Due to my relatively young age of 53, I went with a mechanical valve, as would be called for by most international guidelines for my age. I would always tell my consultants that I would rather get my procedure 6 months too early than 6 months too late. Since my mechanical valve will likely last me the rest of my life, it made no sense to kick the can down the road a few months as I waited for symptoms, at the risk of causing irreversible structural damage to my heart. So, I got the procedure done before symptoms. It turns out there is good data showing better long term outcomes if surgery is done before the onset of symptoms. After my surgery, my surgeon showed me photos of my calcified valve and told me that my valve was beyond severe and was actually critical. He said it was good that we operated when we did, because I was a ticking time bomb and could have dropped dead at any moment. He emphasized that the imagery estimates the severity of the condition, but once he has the chest opened with his eyes on the actual valve, he can accurately assess the true severity.































I’m glad that you plan to get a second opinion. Please keep us posted of how that goes.











Man this is beyond helpful and I really appreciate you taking the time to write all this info with me. I just got a cardiac CT last week with of course the results of my heart not showing up on my portal reports. I have my TEE Monday and doctor should go over everything with me and from there I will collect my tests and get my second and third opinions after that. Did you send your info to these doctors in other states or did you have to show up in person for them to consult you?
 
"Did you send your info to these doctors in other states or did you have to show up in person for them to consult you?"

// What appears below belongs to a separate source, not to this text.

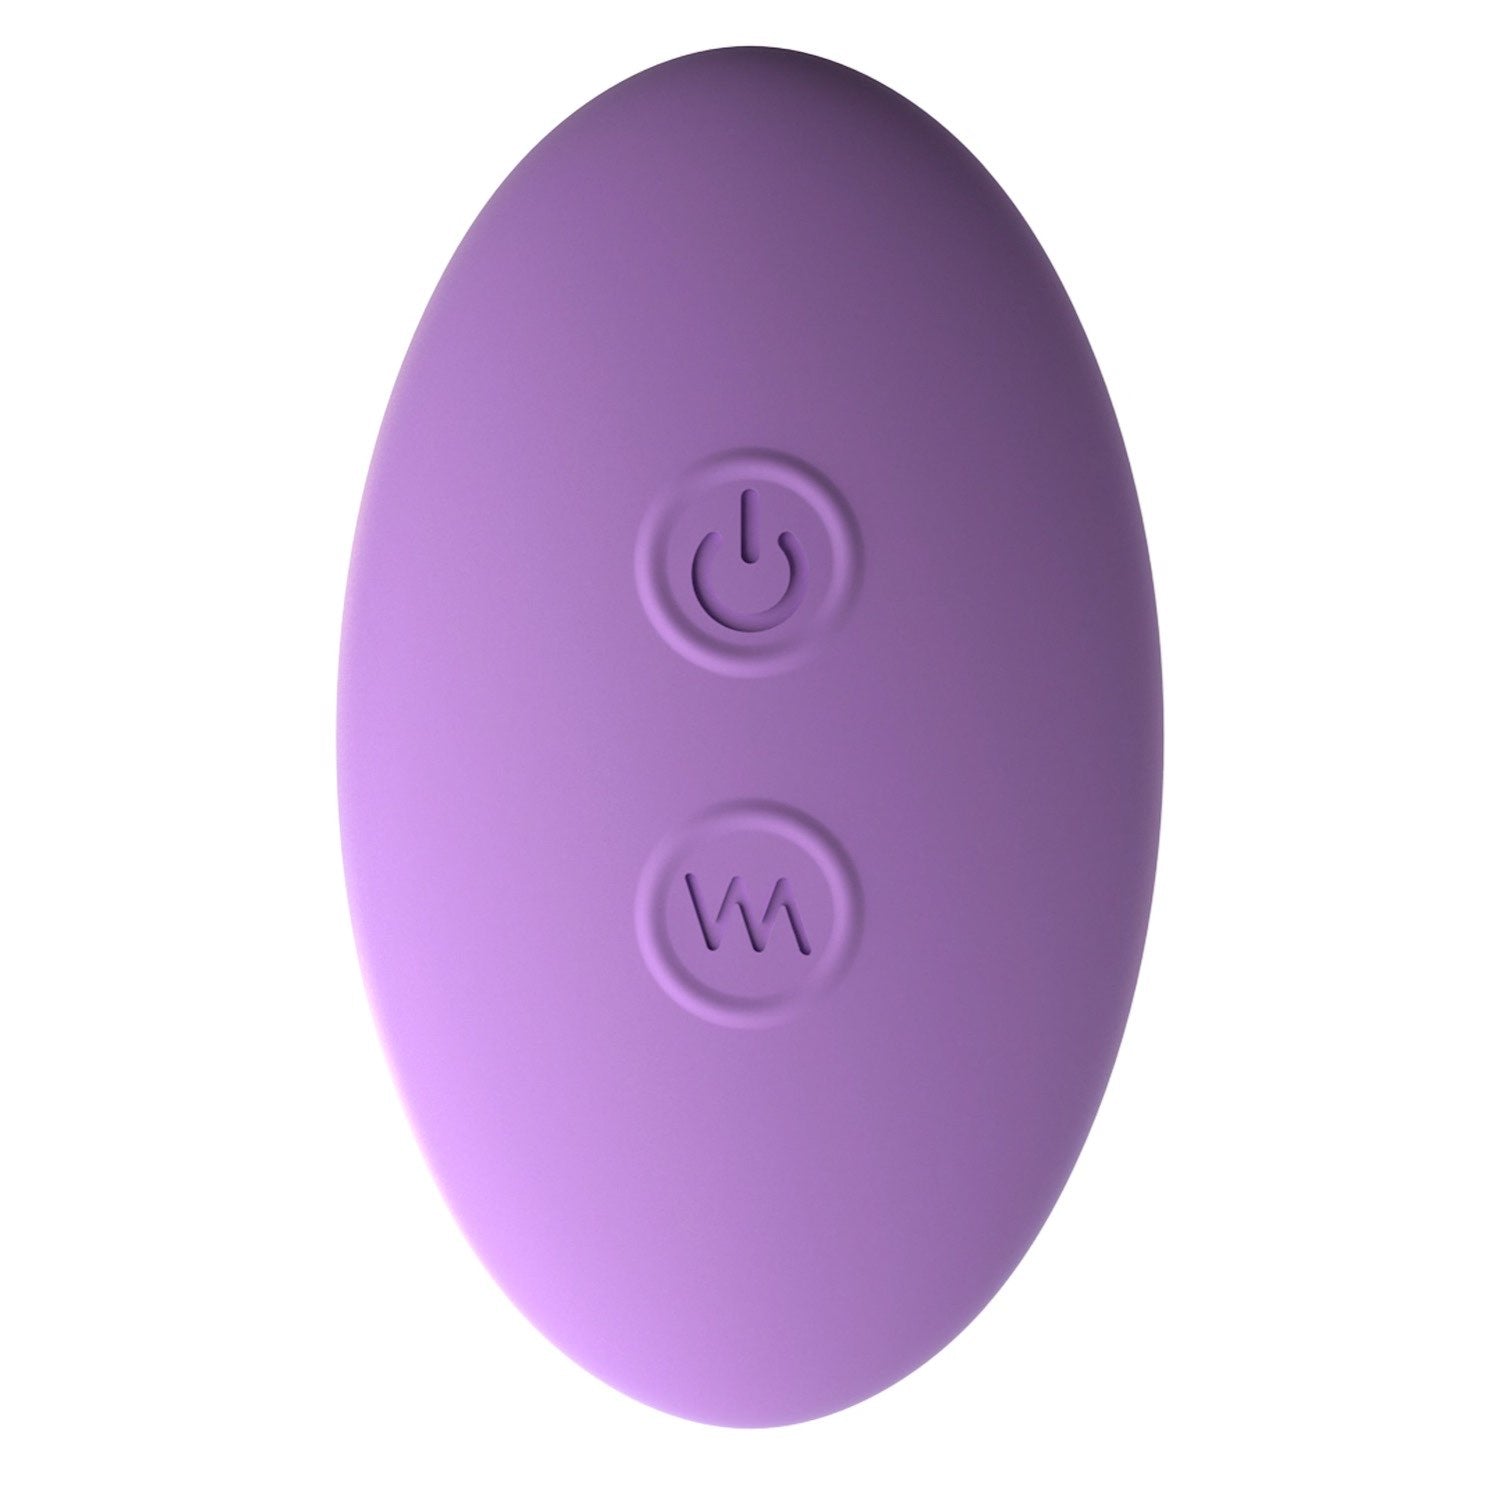 Fantasy For Her Remote Silicone Please-Her - Purple USB Rechargeable Stimulator with Wireless Remote by Pipedream
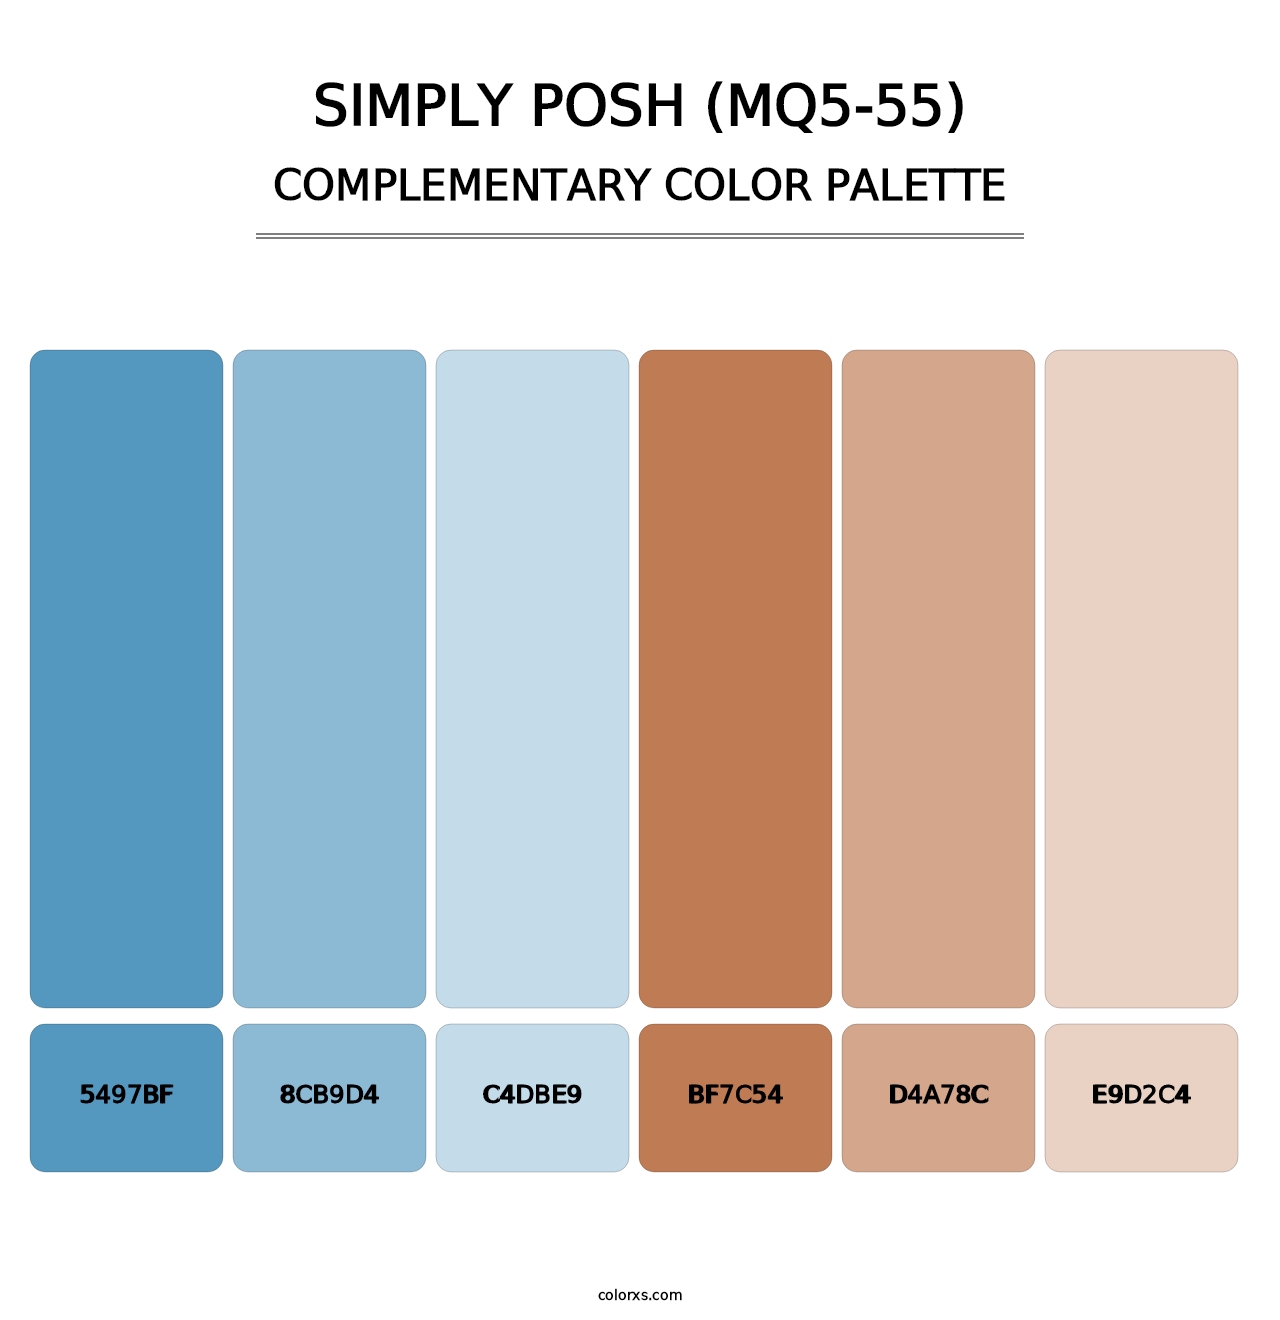 Simply Posh (MQ5-55) - Complementary Color Palette

I showed up in person, but all my consults were in S. California, within about a 90 minute drive from my home. I am fortunate in that I live 90 minutes from LA and an hour from San Diego, so it is not too difficult to get in person consults.
 
Do you think they will look over my results through a virtual consult? I don't know many good cardiac surgeons in Houston.
 
Do you think they will look over my results through a virtual consult? I don't know many good cardiac surgeons in Houston.
I believe that many clinics offer this. At one point I contacted Cleveland Clinic and was told that they would be willing to give a second opinion about my echo and other results. I was quoted $500 for this service. Ultimately, I decided not to take them up on this, as we have so many top clinics availabe in my area, and I prefered to meet in person.
 
One of my major concerns is they have me on 3 bp meds and still my diastolic pressure hovers around 88-90. I try and monitor salt intake as well but I'm on valsartan 80mg, amlodapine 10mg and diltiazem 120mg. Some are to control the irregular beats which seem to be helping.
 
One of my major concerns is they have me on 3 bp meds and still my diastolic pressure hovers around 88-90. I try and monitor salt intake as well but I'm on valsartan 80mg, amlodapine 10mg and diltiazem 120mg
88 to 90 for diastolic is not terrible. It is generally considered borderline high. Have you tried weight loss and exercise to try to reduce blood pressure? This helps significantly for most people. My dad was able to go completely off of his blood pressure meds by losing about 20 pounds and increasing his exercise. Regular sauna use can also lower blood pressure, but don't use a sauna without getting clearance from your cardiologist. Perhaps when you get the second opinion you can ask about that.
 
88 to 90 for diastolic is not terrible. It is generally considered borderline high. Have you tried weight loss and exercise to try to reduce blood pressure? This helps significantly for most people. My dad was able to go completely off of his blood pressure meds by losing about 20 pounds and increasing his exercise. Regular sauna use can also lower blood pressure, but don't use a sauna without getting clearance from your cardiologist. Perhaps when you get the second
I lift weights 2-3 days a week but slack on cardio. I have cut about 10 pounds since my knowledge of my leaky valves and lvh. I need to get my diet straightened out as well. I was prescribed I low dose of testosterone for having such low numbers but just stopped taking that since the news because that can add to my bp.